From the listing below, restate word for word the lines from the line containing "Abandoned fabrics factory by RobHarp.com" down through the line containing "Violão Cort Mr500e". Exclude pictures.

*Records for the exercise:*

<<<<

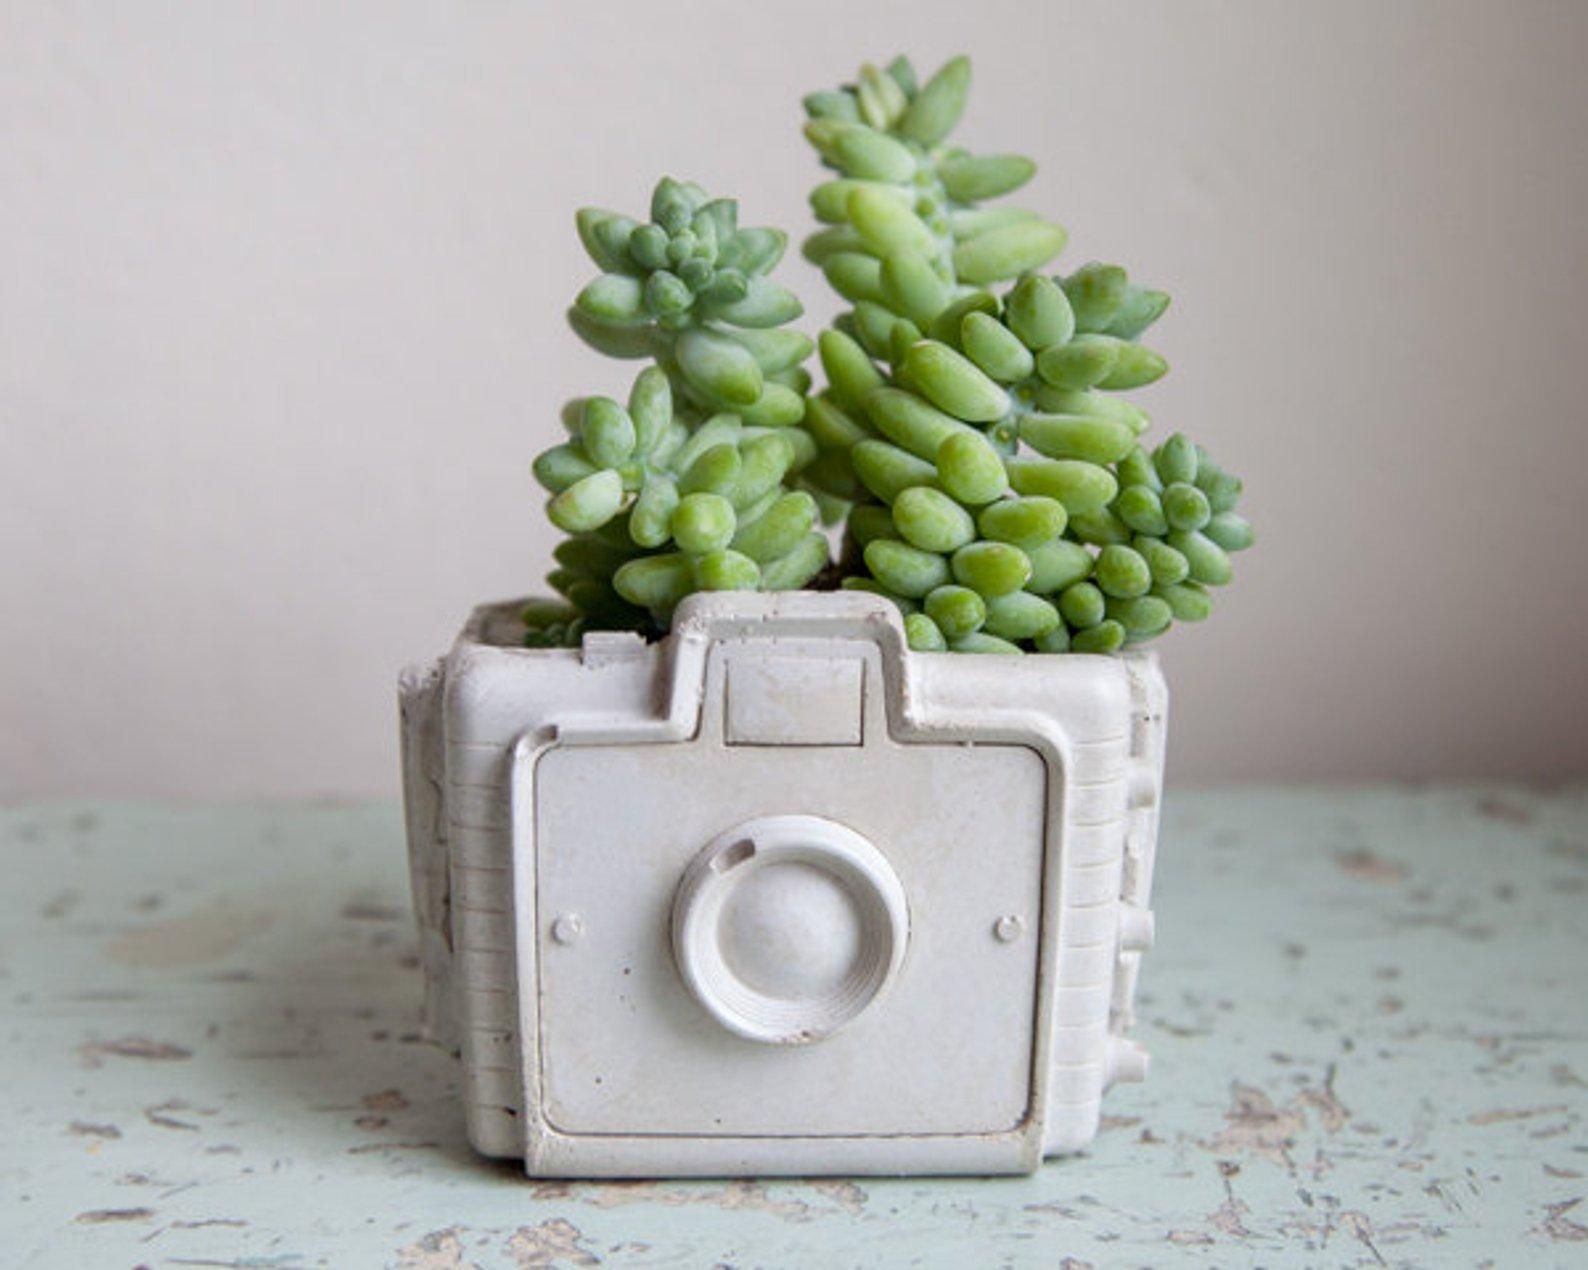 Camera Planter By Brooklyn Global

>>>>
<<<<

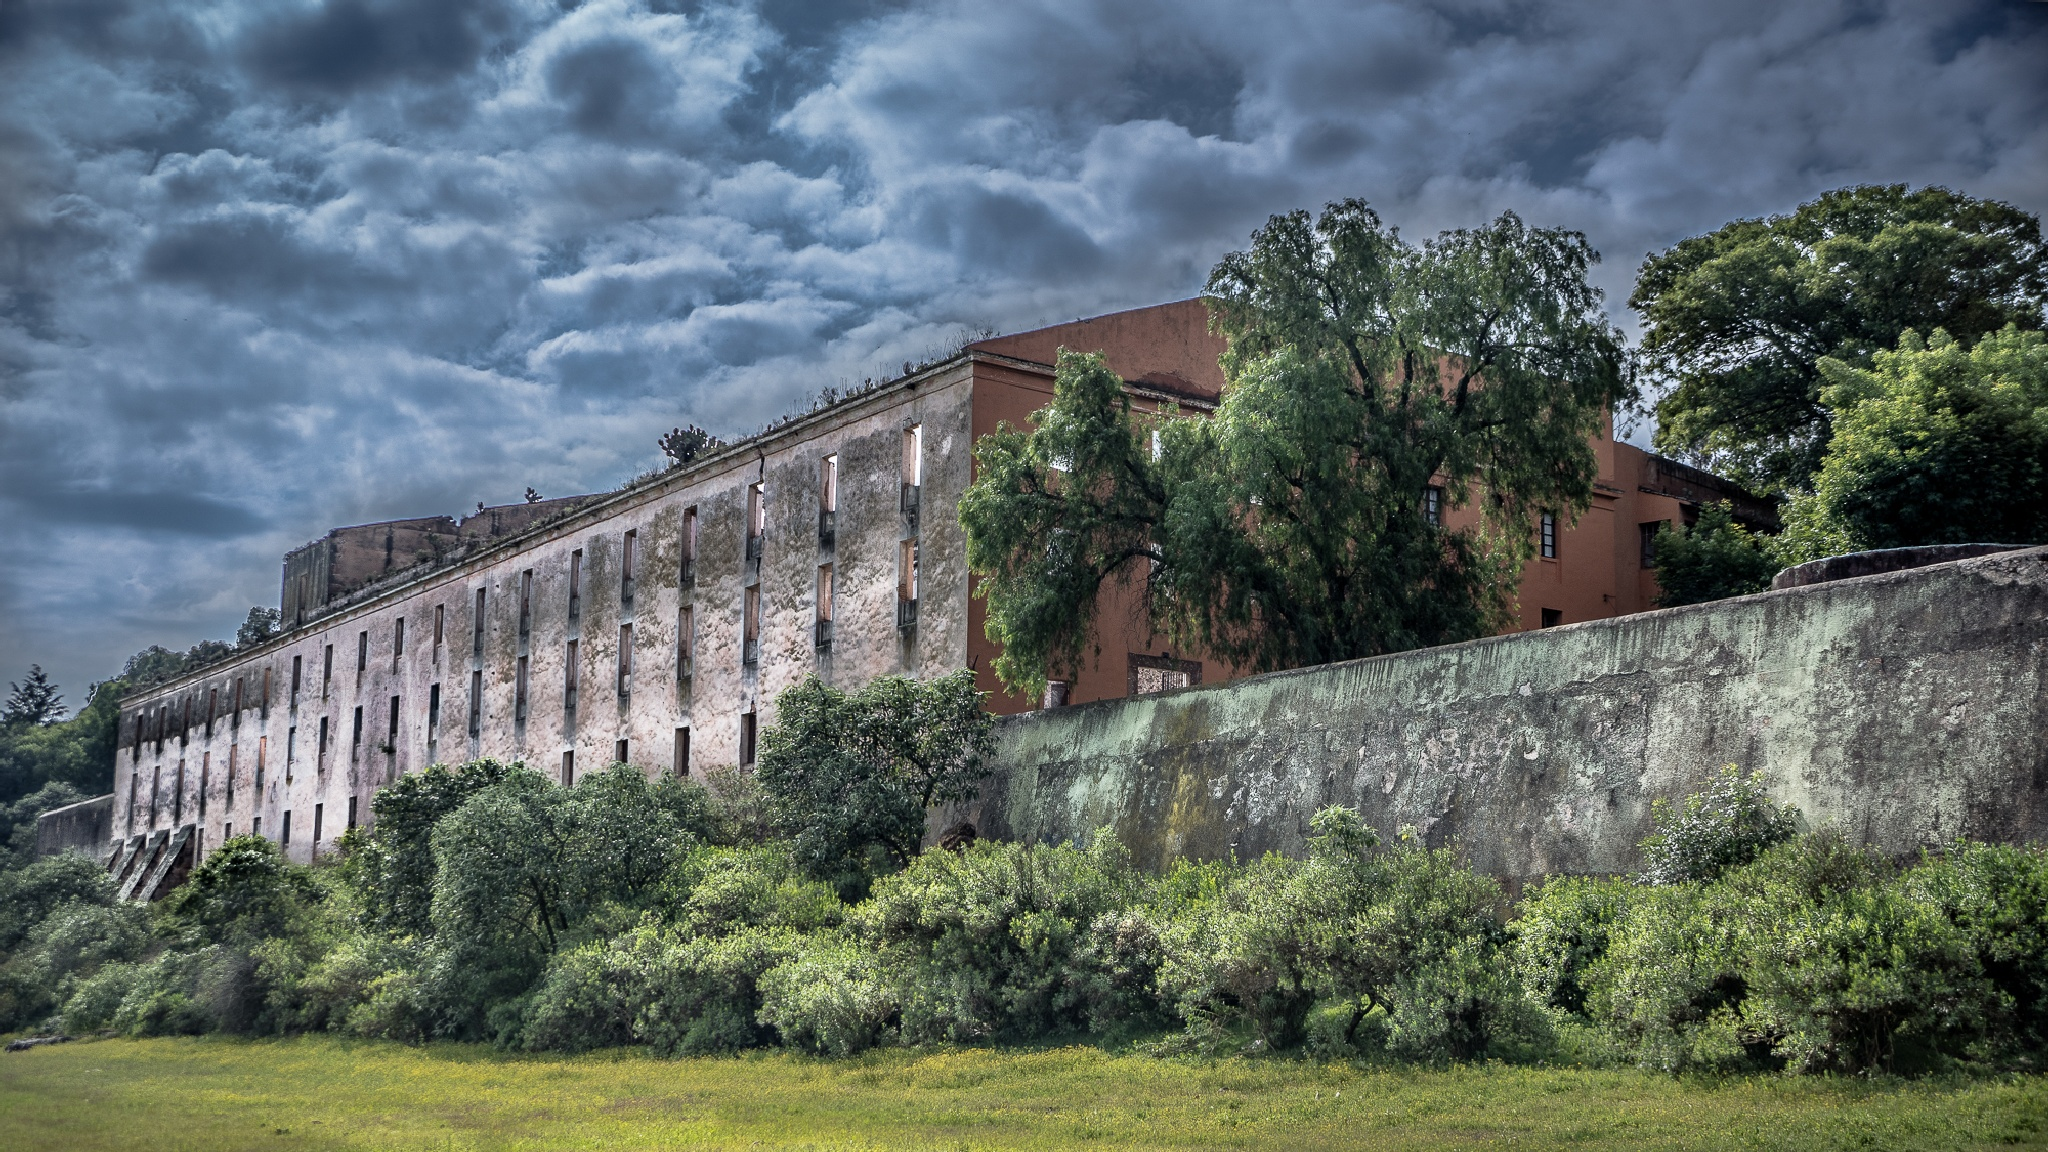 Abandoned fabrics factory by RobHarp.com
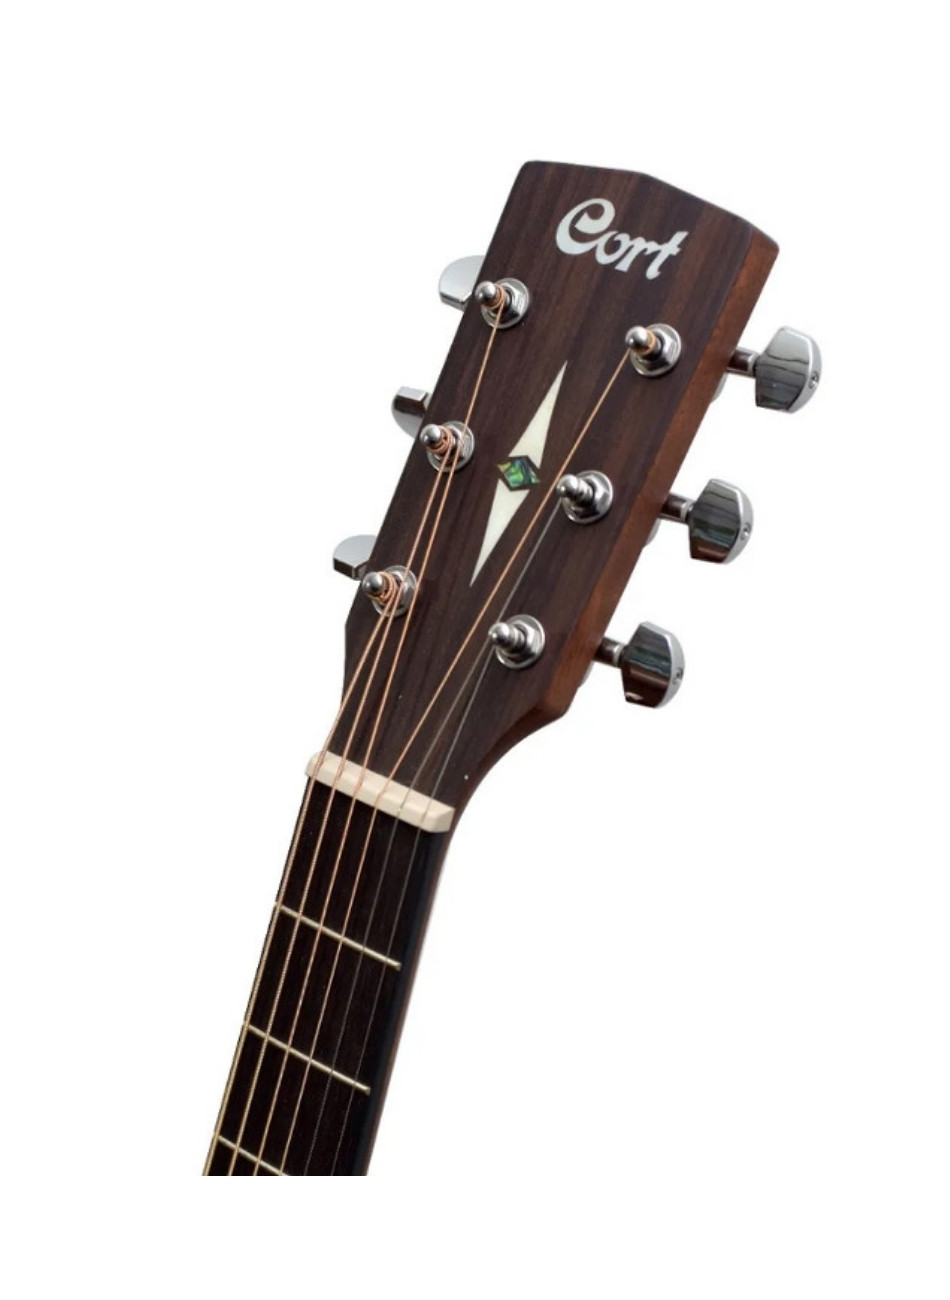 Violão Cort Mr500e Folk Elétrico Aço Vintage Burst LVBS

>>>>
<<<<

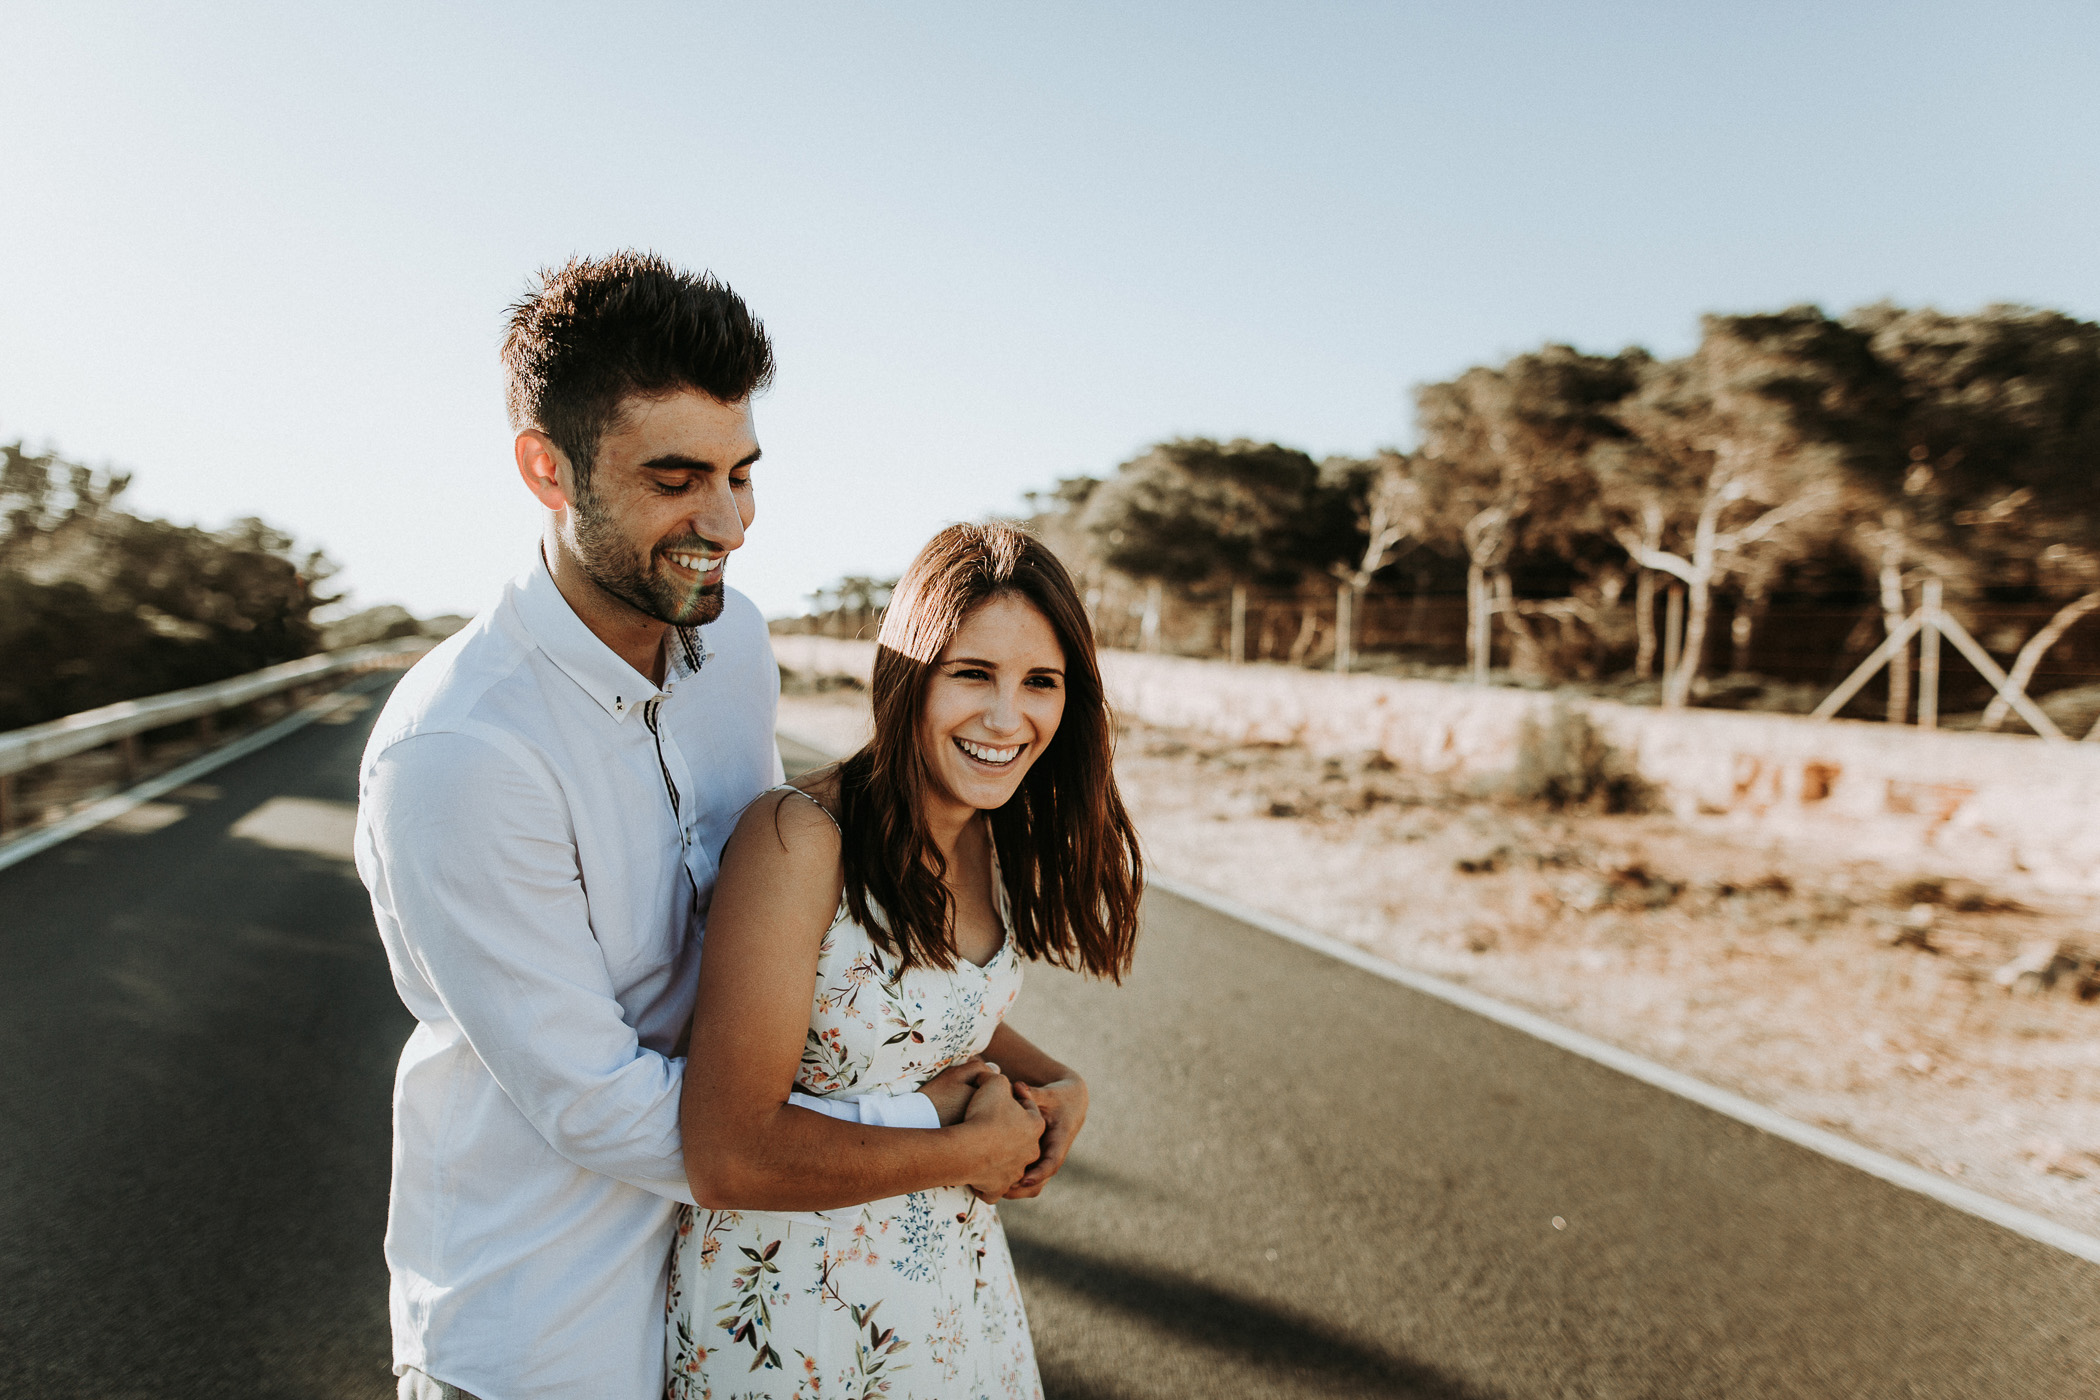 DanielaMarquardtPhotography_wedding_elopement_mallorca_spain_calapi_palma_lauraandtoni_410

>>>>

*Exercise solution:*
 Abandoned fabrics factory by RobHarp.com
 Violão Cort Mr500e Folk Elétrico Aço Vintage Burst LVBS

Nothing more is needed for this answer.